Reputation: 6713
I have a large data-frame (126041 Obs. of 604 variables). I'm new to HDF5 formats. I save the HDF5 file as follows:
writeH5DataFrame(myData,"C:/myDir/myHDF5.h5",overwrite=T)
how can I read the data frame back? there doesn't appear to be any readH5DataFrame
or loadH5DataFrame
function?
also, the writeH5DataFrame
takes an incredibly long time, probably because of the large number of columns (604 in this case). The documentation mentions that "the data for each column is stored in a separate H5Dataset." - not sure if this the reason for the long time taken. Is there any way to speed up writing a DataFrame in HDF5 format?
Upvotes: 4
Views: 5652
Reputation: 121568
I don't know which package are you using, but using rhdf5
package, it looks very easy to write/read hdf5 files.
## uncomment the 2 lines after to install the package
## source("http://bioconductor.org/biocLite.R")
## biocLite("rhdf5")
library(rhdf5)
## empty HDF5 file : the data base
h5createFile("myhdf5file.h5")
## create group hierarchy. : tables or datasets
h5createGroup("myhdf5file.h5","group1")
h5createGroup("myhdf5file.h5","group2")
## save a matrix
A = matrix(1:10,nr=5,nc=2)
h5write(A, "myhdf5file.h5","group1/A")
## save an array with attribute
B = array(seq(0.1,2.0,by=0.1),dim=c(5,2,2))

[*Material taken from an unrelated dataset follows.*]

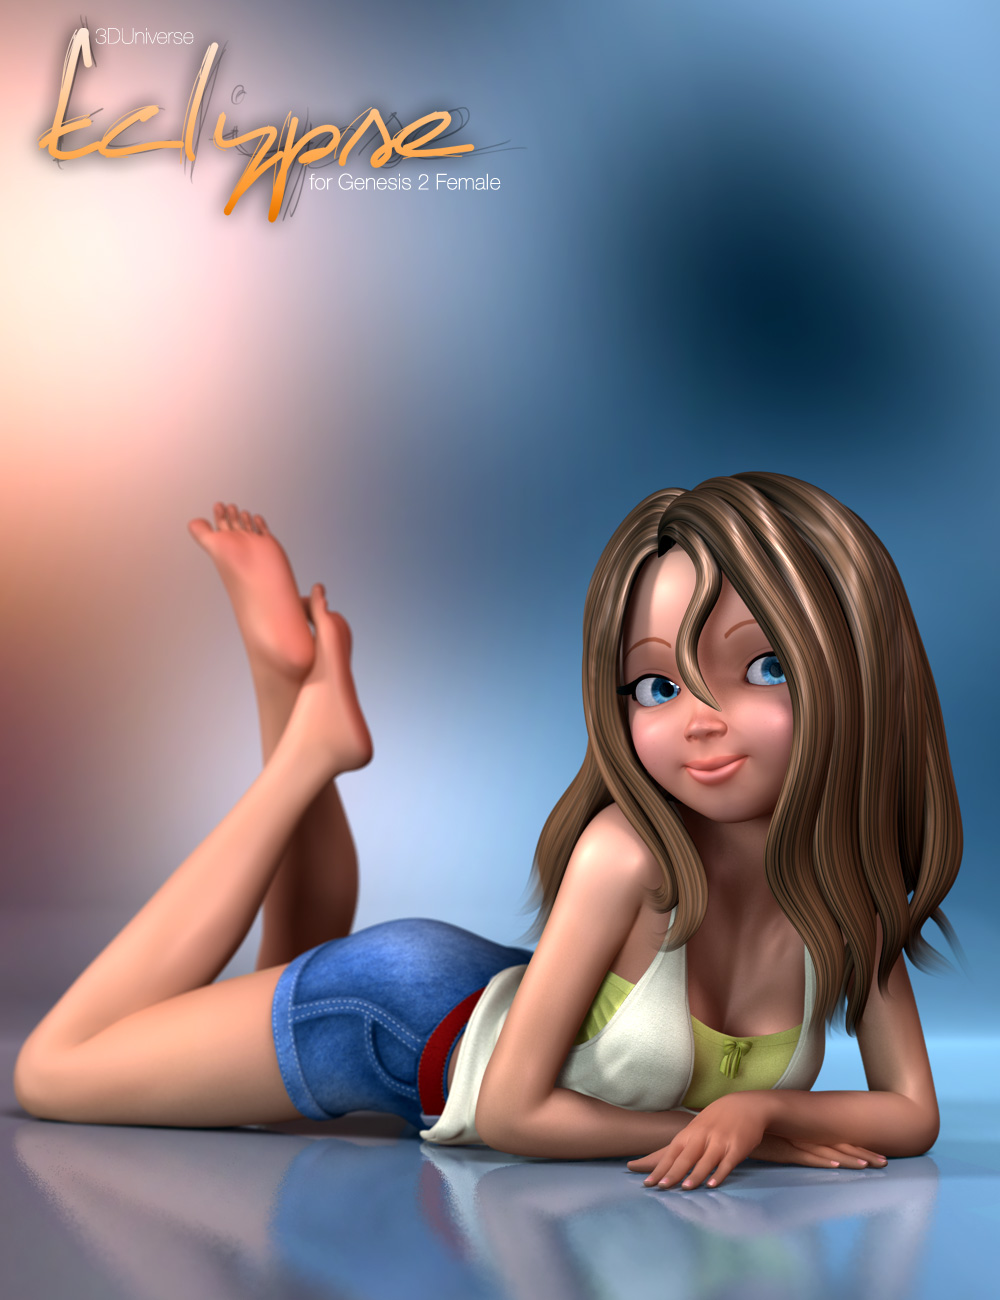 Eclypse for Genesis 2 Female(s) by: 3D Universe, 3D Models by Daz 3D

attr(B, "scale") <- "liter"
h5write(B, "myhdf5file.h5","group2/B")
## check the data base
h5ls("myhdf5file.h5")
group name otype dclass dim
0 / group1 H5I_GROUP
1 /group1 A H5I_DATASET INTEGER 5 x 2
2 / group2 H5I_GROUP
3 /group2 B H5I_DATASET FLOAT 5 x 2 x 2
## read A and B
D = h5read("myhdf5file.h5","group1/A")
E = h5read("myhdf5file.h5","group2/B")
Upvotes: 3